# Any signal operator info.??



## C.O.D (21 Dec 2009)

Hello. I just got through the application process, and have a date for basic. The trade I have selected is signal operator. This was not my first choice but I feel as though I have left this long enough and should get in now. I know what to expect from bmq, but I would like an idea of the day to day life of a sig op at signal school, and after that..., In short, does anyone have any good info, tips, or anything at all they can share at all for a would be sig op? Also if I decide that being a signal operator is not for me, would I be able to switch easily if another trade opened up after bmq?? Much appreciated. Cheers.


----------



## C.O.D (21 Dec 2009)

Hello. I just got through the application process, and have a date for basic. The trade I have selected is signal operator. This was not my first choice but I feel as though I have left this long enough and should get in now. I know what to expect from bmq, but I would like an idea of the day to day life of a sig op at signal school, and after that..., In short, does anyone have any good info, tips, or anything at all they can share at all for a would be sig op? Also if I decide that being a signal operator is not for me, would I be able to switch easily if another trade opened up after bmq?? Much appreciated. Cheers.


----------



## Michael OLeary (21 Dec 2009)

Please do not double post.  Give people time to find your first posting and respond to it.

http://forums.army.ca/forums/threads/91212/post-899133;topicseen#new

Milnet.ca Staff


----------



## Brasidas (21 Dec 2009)

C.O.D said:
			
		

> Also if I decide that being a signal operator is not for me, would I be able to switch easily if another trade opened up after bmq?? Much appreciated. Cheers.



Reg force or reserve? It's a hell of a lot easier to change trades in the reserves.

Sig op's a distressed trade, in that numbers are pretty short for the demand.

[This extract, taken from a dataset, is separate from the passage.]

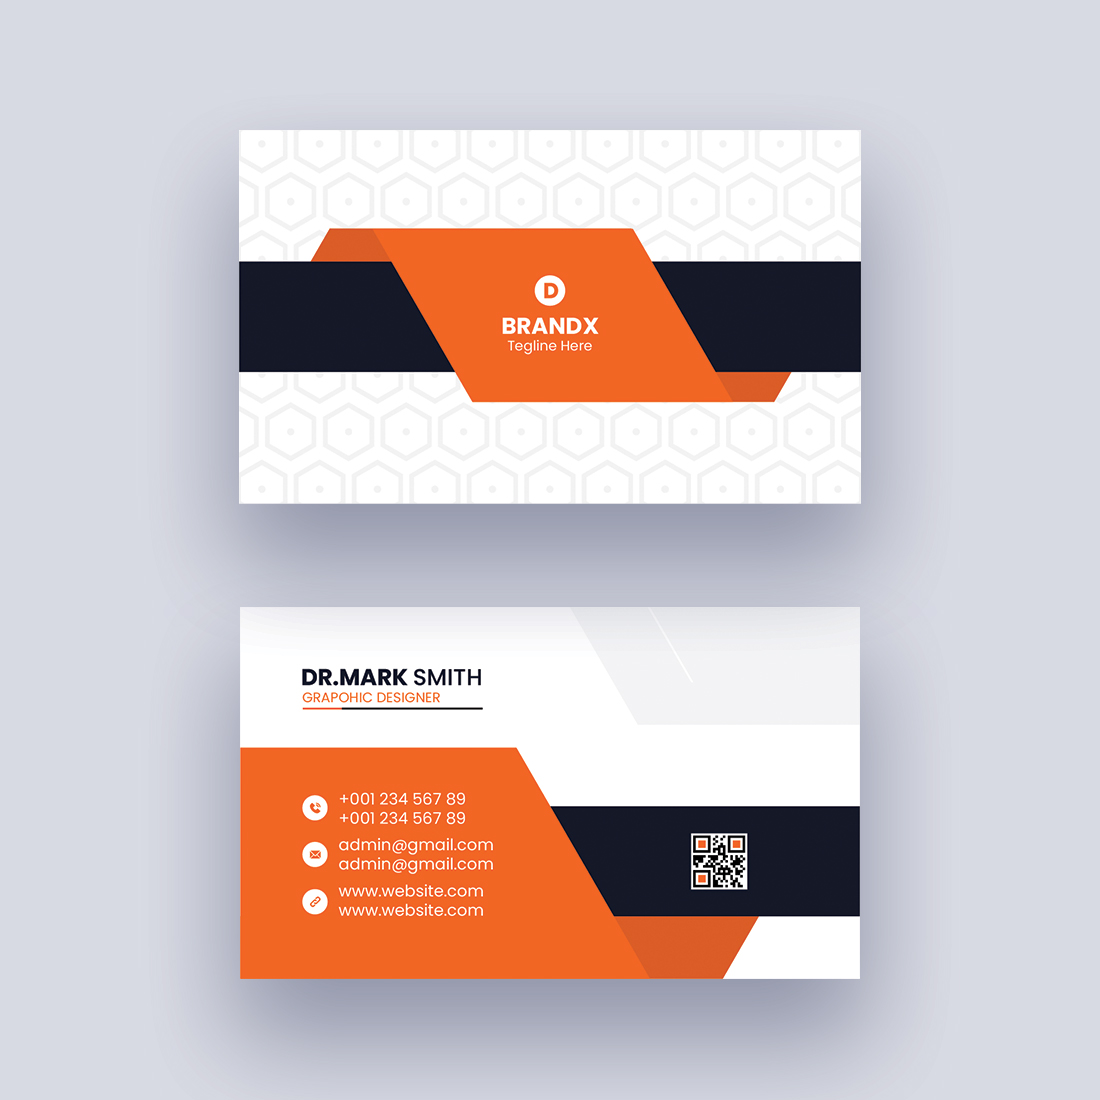 2.businesscard design 444

Moreover, you won't have had any direct exposure to working as a sig op during BMQ, so how are you going to be in a better position to judge whether it's something you'll enjoy? Your best bet would be to meet with sig ops *now*, get a solid grip on the trade and figure out your next move from there.

Taking an offer when you've got mixed feelings about that trade's bad news, man.


----------



## slowmode (21 Dec 2009)

You'll have the bunch that tell you they dont like being a Sig op, and you'll have the bunch that say they love it. Your going to have to do lots of reading on your own and talk to the recruiters. 

Maybe this thread can help you?

http://forums.army.ca/forums/threads/77029.0

Best of luck


----------



## C.O.D (21 Dec 2009)

Thanks for the quick response guys. Sorry about the double post, wont happen again! I know that I'll enjoy basic, I guess I just worry about being stuck in an office environment after I'm through with signal school in Kingston.


----------



## Jammer (21 Dec 2009)

Rest assured COD, you won't have worry about that if you get through CFSCE.


----------



## C.O.D (21 Dec 2009)

Good to know Jammer. Does anyone know if a signal operator can get deployed, and/or if this is common? Can I do anything on my end as my career develops to ensure that I could be more of a combat type sig op, deployed, working, active etc.??


----------



## George Wallace (21 Dec 2009)

C.O.D said:
			
		

> Good to know Jammer. Does anyone know if a signal operator can get deployed, and/or if this is common? Can I do anything on my end as my career develops to ensure that I could be more of a combat type sig op, deployed, working, active etc.??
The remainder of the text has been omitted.